HIF1a Das CRISPR-Aktivierungsplasmid (m) ist ein aus drei Plasmiden bestehendes synergistisches Aktivierungsmediator-System (SAM), das für eine hocheffiziente, ortsspezifische transkriptionelle Hochregulation des Hif1a-Lokus in menschlichen Zelllinien entwickelt wurde. Das System basiert auf einem katalytisch inaktiven Cas9 (dCas9), das zwei inaktivierende Mutationen (D10A und N863A) trägt, welche die Nukleaseaktivität eliminieren, während die DNA-Bindung erhalten bleibt. Dieses dCas9 ist mit VP64, einem potenten Transkriptionsaktivator, fusioniert und wird zusammen mit einem Blasticidin-Resistenzgen zur Selektion koexprimiert. Das zweite Plasmid kodiert das MS2-p65-HSF1-Fusionsprotein, einen sekundären Aktivatorkomplex, der zusammen mit dCas9-VP64 wirkt, sowie ein Hygromycin-Resistenzgen. Das dritte Plasmid kodiert für eine zielspezifische 20-nt-sgRNA, die an zwei MS2-RNA-Aptamere fusioniert ist, welche den MS2-p65-HSF1-Komplex an die Aktivierungsstelle rekrutieren, begleitet von einem Puromycin-Resistenzgen. Die drei Plasmide werden im Massenverhältnis 1:1:1 verabreicht, um eine ausgewogene Expression aller Systemkomponenten zu gewährleisten.

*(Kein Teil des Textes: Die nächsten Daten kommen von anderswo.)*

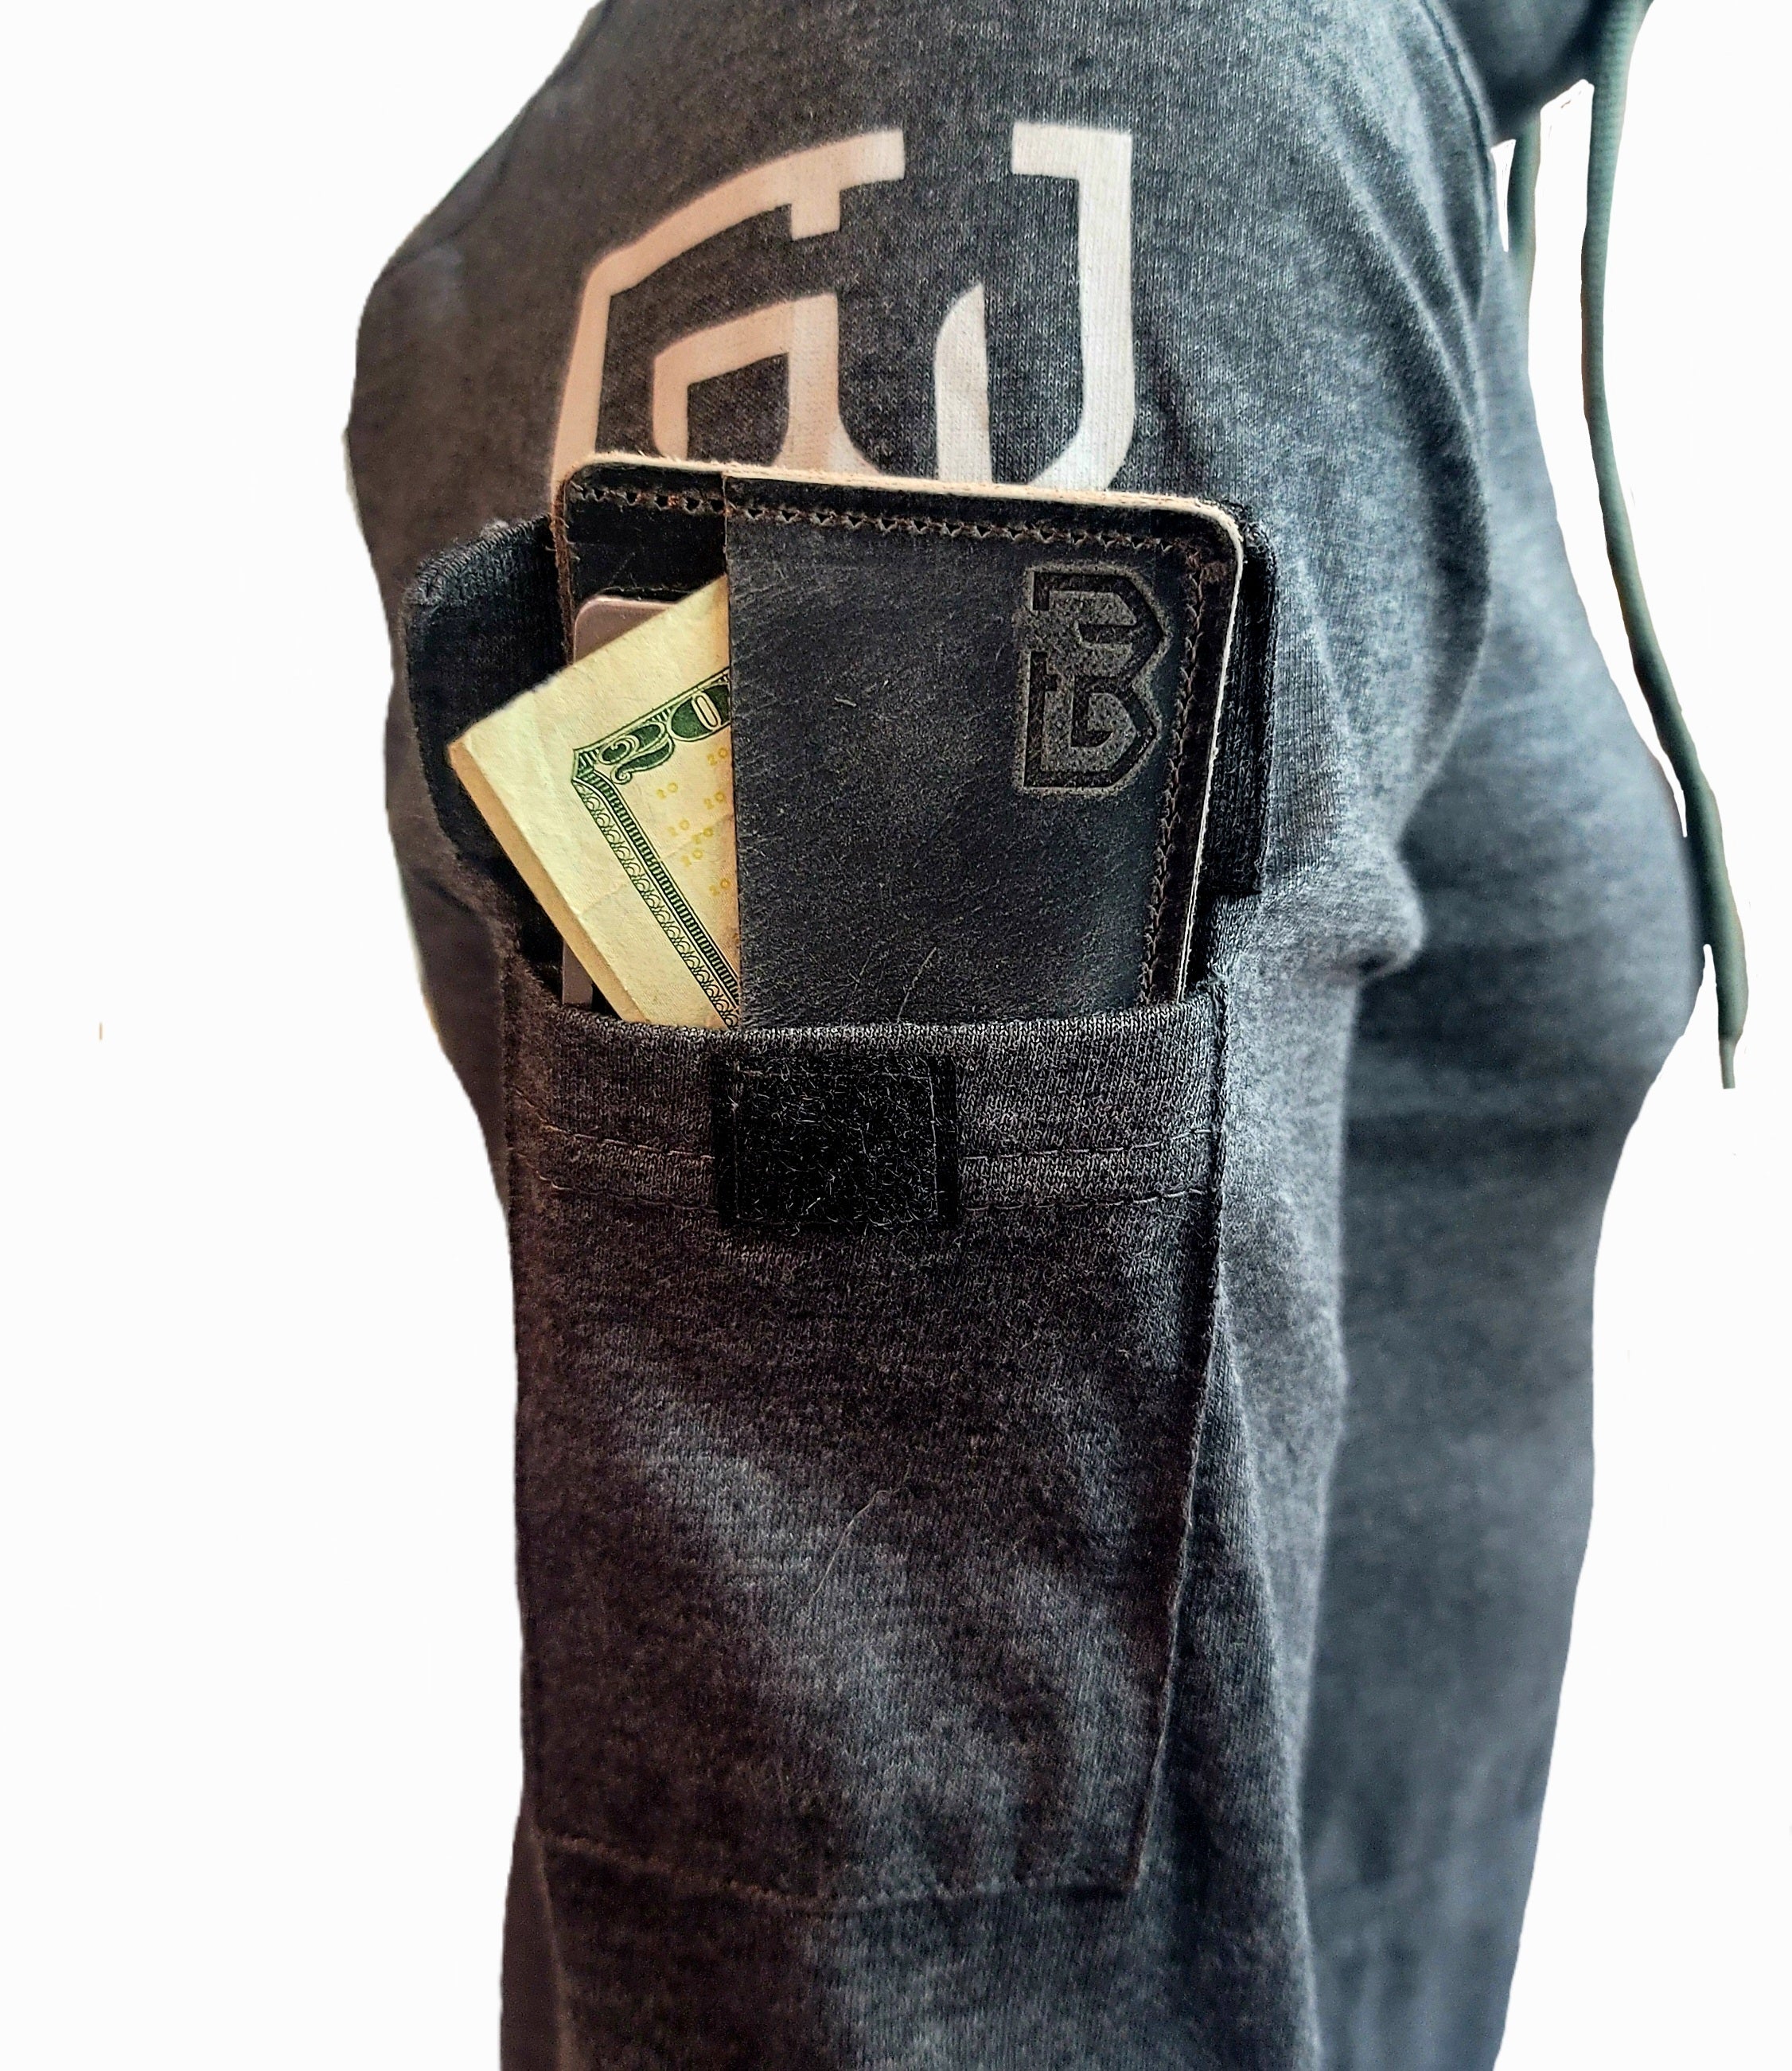 Tee Shirt Hoodie with hidden pockets EDC hoodie with secret pocket

Nach der Assemblierung am Zielort bindet der SAM-Komplex etwa 200 bp stromaufwärts der Hif1a-Transkriptionsstartstelle, wo VP64, p65 und HSF1 gemeinsam die Transkriptionsmaschinerie rekrutieren und die Hochregulation der endogenen HIF1a-Expression vorantreiben. Im Gegensatz zu nukleaseaktivem Cas9 verursacht dCas9 keine Doppelstrangbrüche und verändert die genomische Sequenz nicht, wodurch der native Hif1a-Locus erhalten bleibt und die Untersuchung von HIF1a-abhängigen Transkriptionsreaktionen am endogenen Locus ermöglicht wird. Dies macht es zu einem wertvollen Werkzeug für Funktionsstudien, die Identifizierung von Zielgenen und die Modellierung der Wiederherstellung des HIF1a-Signalwegs in Tumorzellen mit stillgelegtem oder reduziertem Hif1a-Ausdruck.
Nur für Forschungszwecke. Nicht für diagnostische oder therapeutische Zwecke bestimmt.